Communities that qualify for implementation and investment awards will have access to flexible funding that help support public services in neighborhoods where new affordable housing is being developed and that benefit all community members. The goal of these efforts will be to increase the production of affordable housing, expanding access to good jobs and powering inclusive economic growth.

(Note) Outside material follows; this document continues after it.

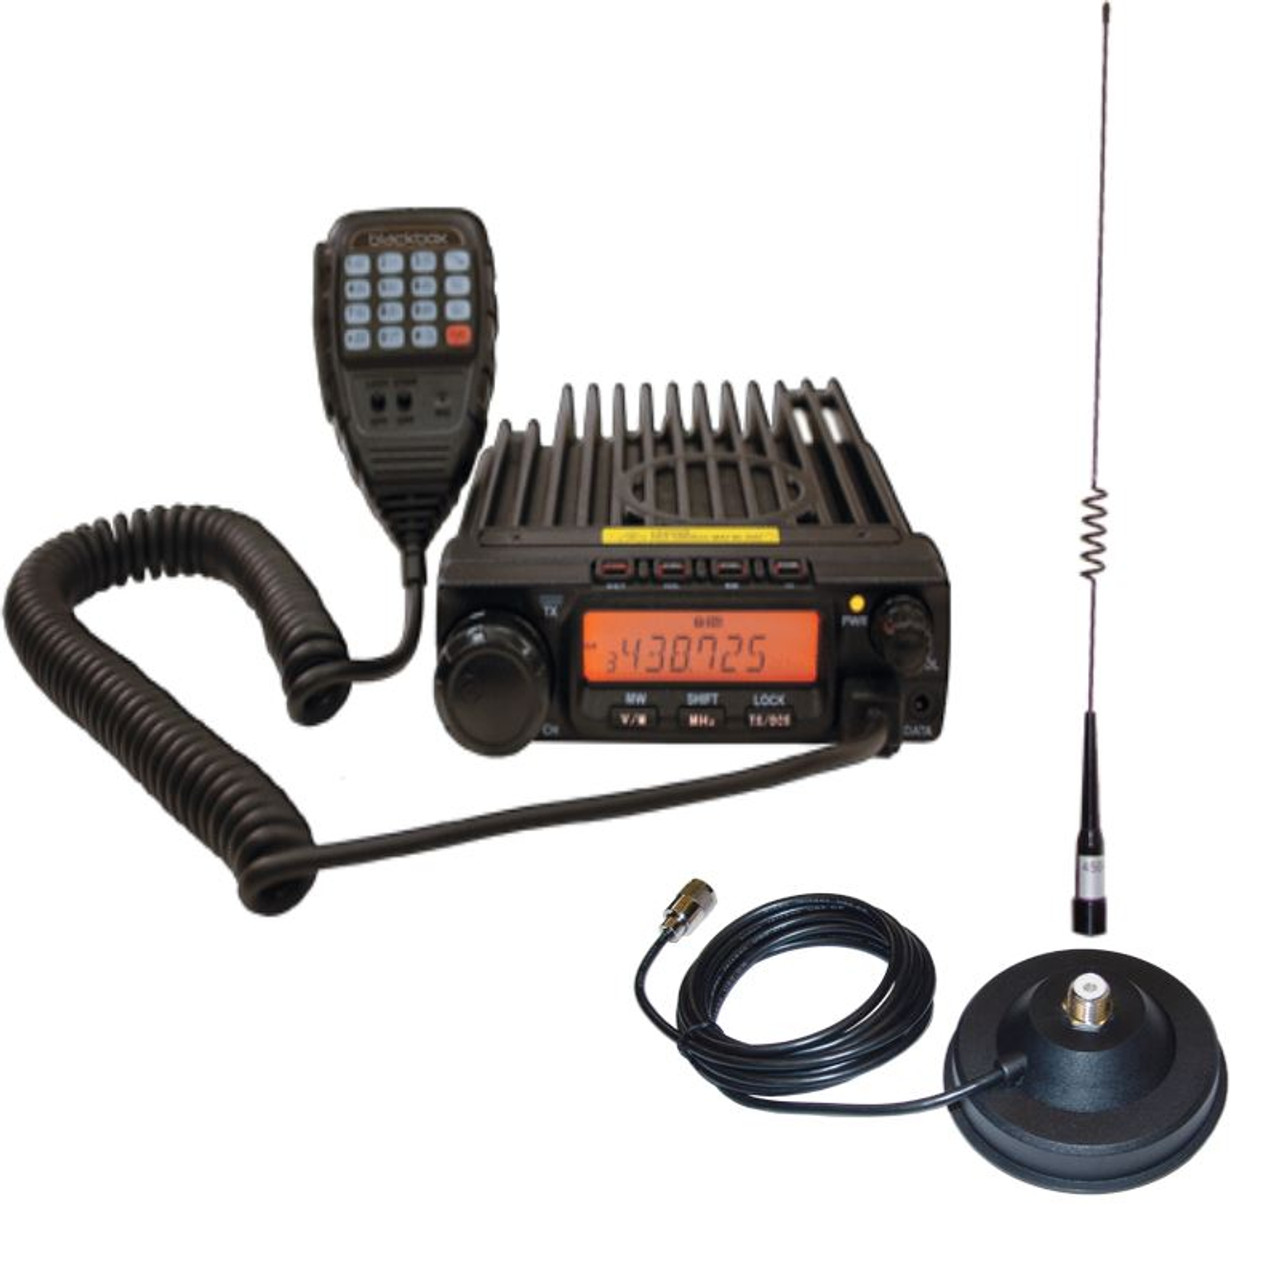 Blackbox Mobile VHF Two Way is 55 Watt, has 200 Channel and is

  • Invest $31 Billion to Scale Up Efforts to Support Minority-Owned Small Businesses. Too many small businesses owned by people of color struggle to access loans and federal programs that can help them grow and succeed.  President Biden has proposed a historic effort to tackle these persistent challenges and empower small business creation and expansion in communities of color. Specifically, the President’s American Jobs Plan will invest $30 billion in new Small Business Administration (SBA) initiatives that will reduce barriers to small business ownership and success.  These initiatives will increase access to capital by establishing a new direct loan program for the smallest businesses, developing new loan products to support small manufacturers and businesses that invest in clean energy, and launching a new Small Business Investment Corporation that will make early stage equity investments in small businesses with priority for those owned by socially and economically disadvantaged individuals. The American Jobs Plan will also invest billions of dollars in SBA technical assistance programs that incubate and offer mentoring and technical assistance to 8(a) firms, reinforce the American subcontracting network to create pathways to prime contracting, encourage Fortune 500 firms to diversify their procurements, and bring more socially and economically disadvantaged businesses into federal research and development programs.  These investments will also include an innovative new $1 billion grant program through the Minority Business Development Agency that will help minority-owned manufacturers access private capital.